A tyro's blog

Friday, 9 December 2016

Clustering With K-Means in Python

A very common task in data analysis is that of grouping a set of objects into subsets such that all elements within a group are more similar to them than they are to the others. The practical applications of such a procedure are many: given a medical image of a group of cells, a clustering algorithm could aid in identifying the centers of the cells; looking at the GPS data of a user’s mobile device, their more frequently visited locations within a certain radius can be revealed; for any set of unlabeled observations, clustering helps establish the existence of some sort of structure that might indicate that the data is separable.

Mathematical background

The k-means algorithm takes a data set X of N points as input, together with a parameter K specifying how many clusters to create. The output is a set of K cluster centroids and a labeling of X that assigns each of the points in X to a unique cluster.

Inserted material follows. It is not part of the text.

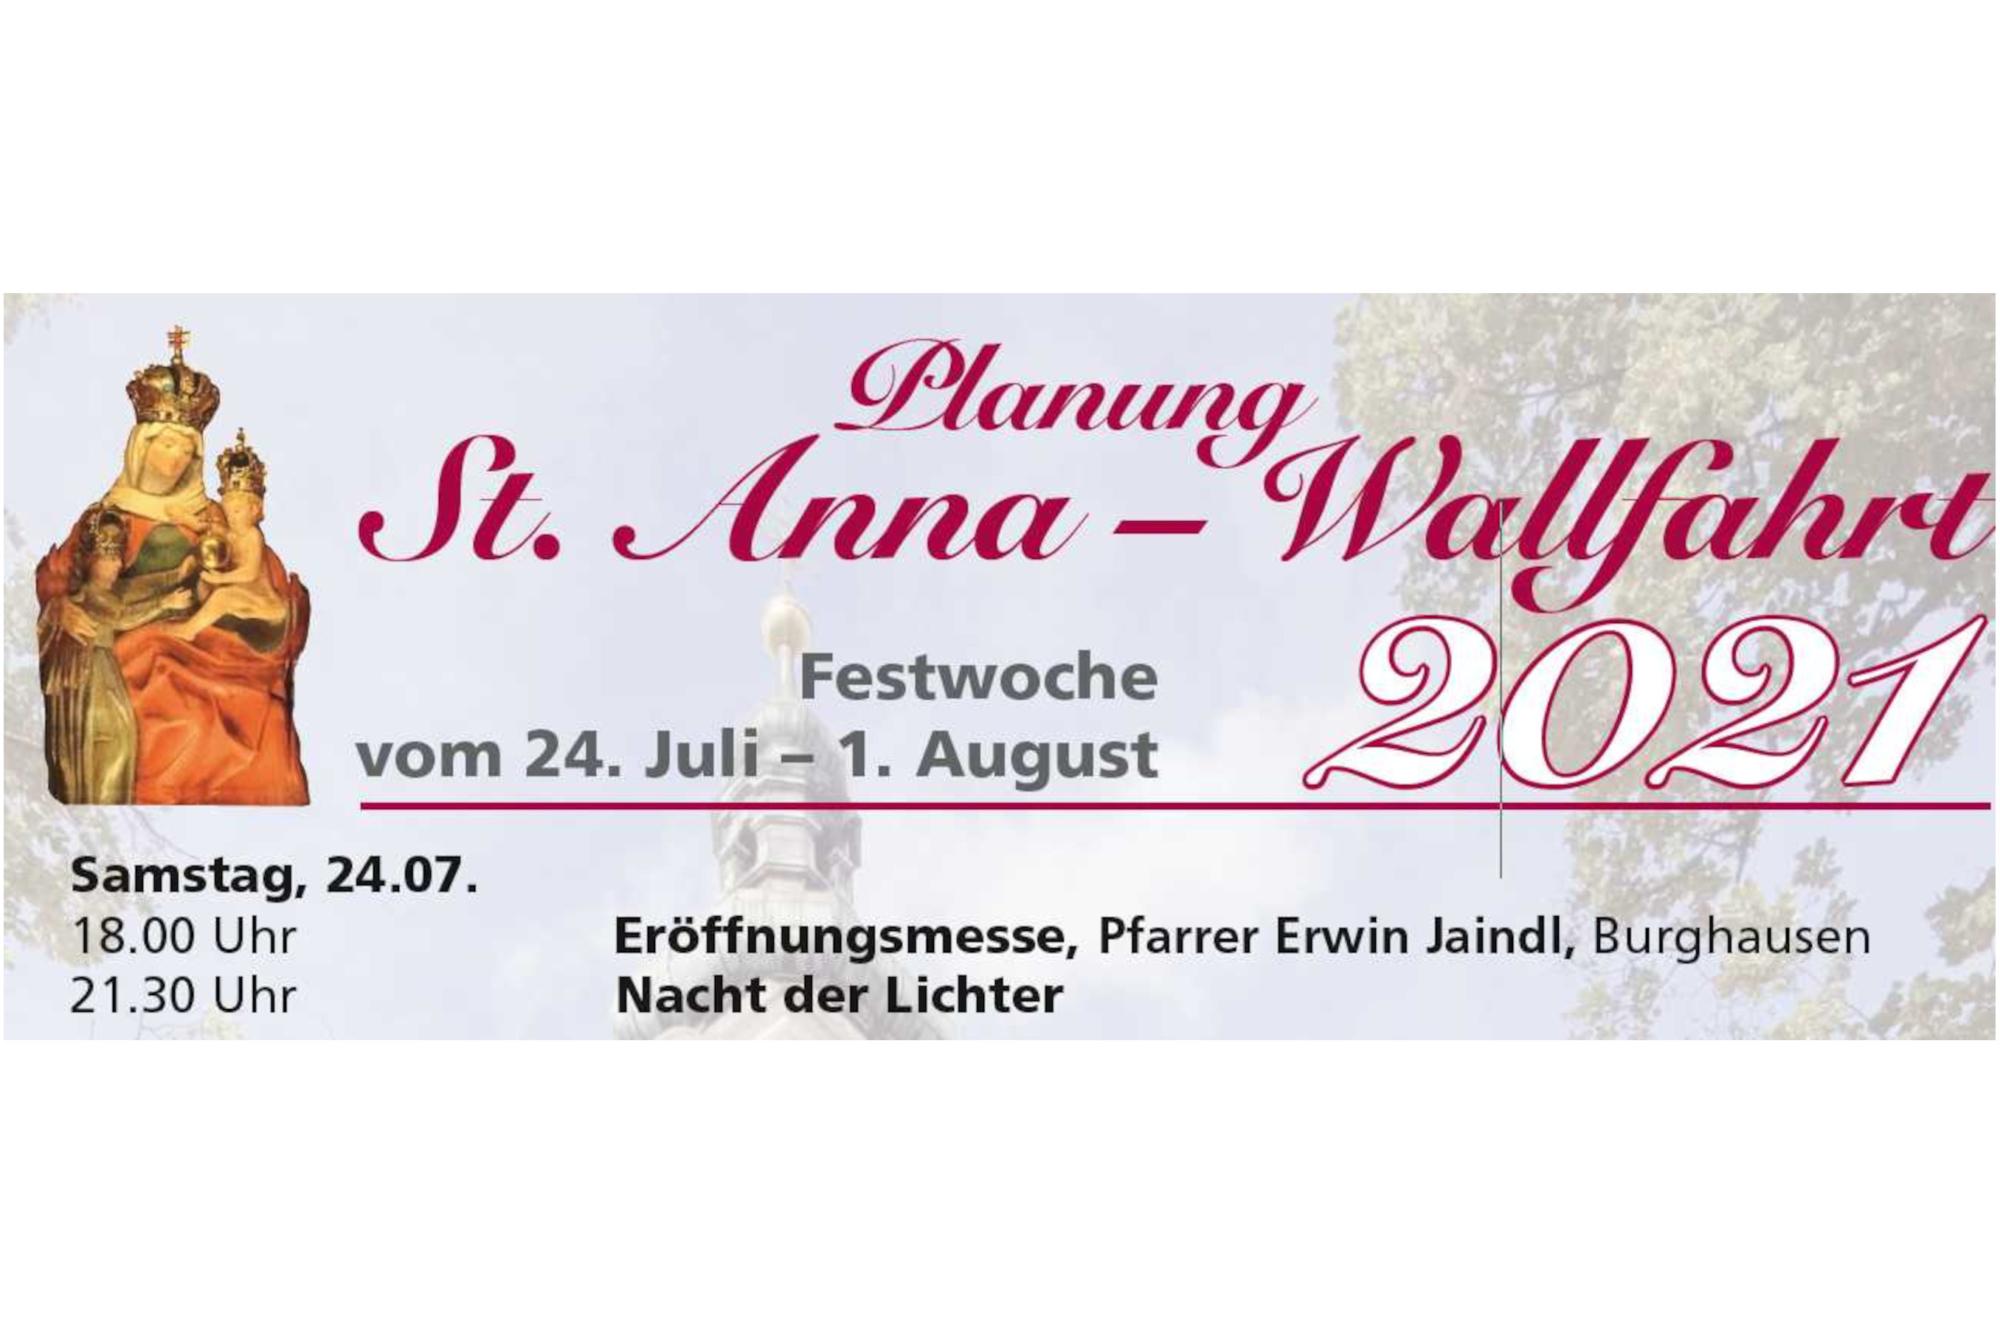 St Anna Wallfahrt 2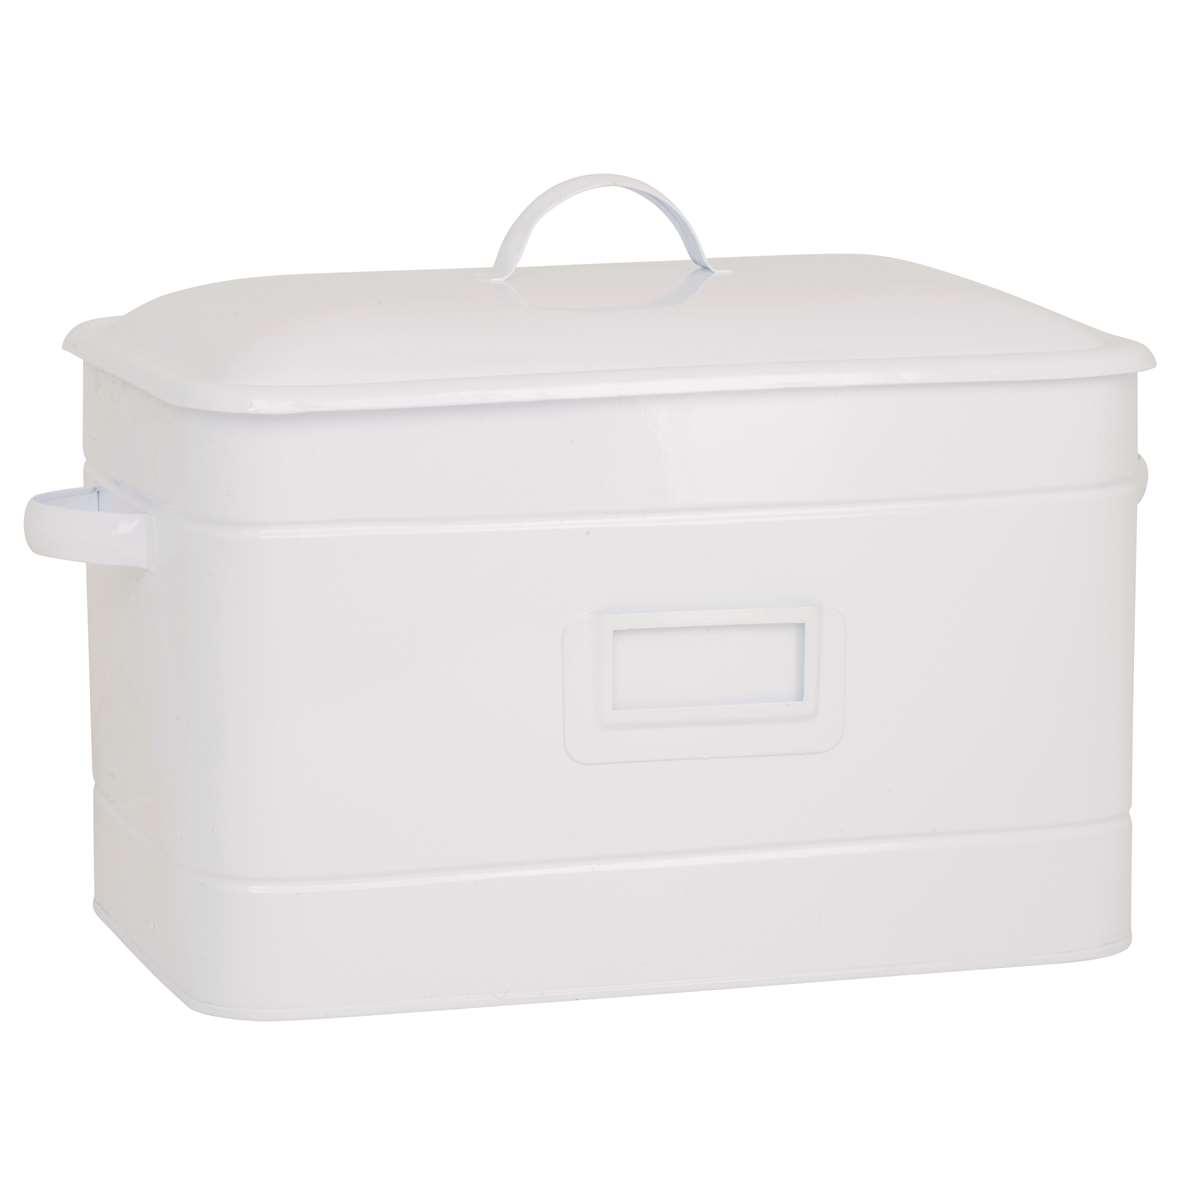 modell farbe w hlbar laursen brotkasten brotbox brottopf emaille keramik holz ebay. Black Bedroom Furniture Sets. Home Design Ideas

All points within a cluster are closer in distance to their centroid than they are to any other centroid.

The mathematical condition for the K clusters $C_k$ and the K centroids $\mu_k$ can be expressed as:

Minimize $\displaystyle \sum_{k=1}^K \sum_{\mathrm{x}_n \in C_k} ||\mathrm{x}_n - \mu_k ||^2$ with respect to $\displaystyle C_k, \mu_k$ .

Lloyd’s algorithm

Finding the solution is, unfortunately, NP hard. Nevertheless, an iterative method known as Lloyd’s algorithm exists that converges (albeit to a local minimum) in few steps. The procedure alternates between two operations. (1) Once a set of centroids $\mu_k$ is available, the clusters are updated to contain the points closest in distance to each centroid. (2) Given a set of clusters, the centroids are recalculated as the means of all points belonging to a cluster.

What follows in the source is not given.